MySQL Server is the most widely used database management system in the world, primarily because it is open source and free. Hence, most databases you may get from outside sources will probably be in the form of a MySQL injection script. This is fine if you use MySQL for your own website databases, but if you use Microsoft SQL Server the script will require a little editing before it will work.
The first thing you'll need to do is remove any comment lines from the script. MySQL comment lines begin with a pound character ("#") and MSSQL comment lines begin with a double dash ("--"), which makes them completely incompatible and will product a syntax error if you try to import a MySQL injection as-is into MSSQL Server. So to get started, open up Query Analyzer if you haven't already (the easiest way to run scripts in MSSQL Server), load up the injection script you are working with, and remove any comment lines (look for the pound symbol). It is easier just to remove them than it is to try and convert them to propery MSSQL syntax, and they are just comment lines anyway so it won't affect anything.

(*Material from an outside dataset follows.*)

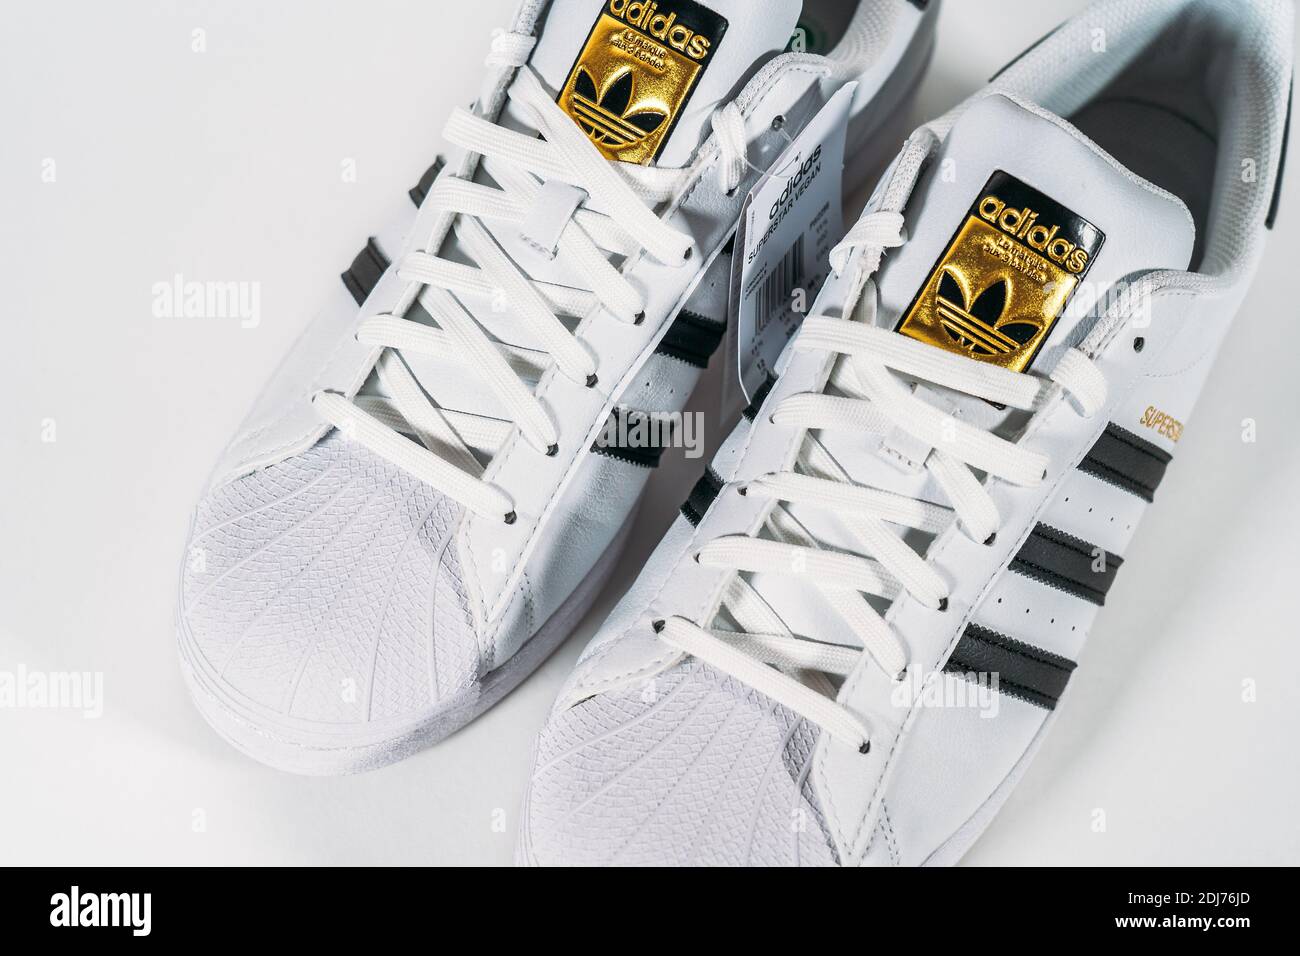 Adidas Superstar - modèle sneaker célèbre produit par le fabricant allemand d'équipements et accessoires de sport Adidas. Chaussures de basket-ball rétro, en production depuis 1969 - Moscou, Russie - novembre 2020. Banque D'Images

The bulk of your script will most likely be a series of INSERT statements, and these aren't very different in MSSQL as compared to MySQL. However, your script may also include at the beginning a small section that creates the database table where the data will be inserted, and this CREATE TABLE statement is likely to be VERY different in MSSQL, depending on how complicated it is (there could be primary and secondary keys, constraints, even triggers -- the more of these the more the syntax changes from MySQL to MSSQL). Since this is likely to give you the most trouble, it is recommended that you create the database tables manually in Enterprise Manager rather than trying to convert the syntax of the script snippet. Looking at the code, you should be able to easily identify the fields and their types (such as int, varchar, text, etc). Once you have the database table created in Enterprise Manager, delete the snippet of code from the injection script that deals with the creation of the table.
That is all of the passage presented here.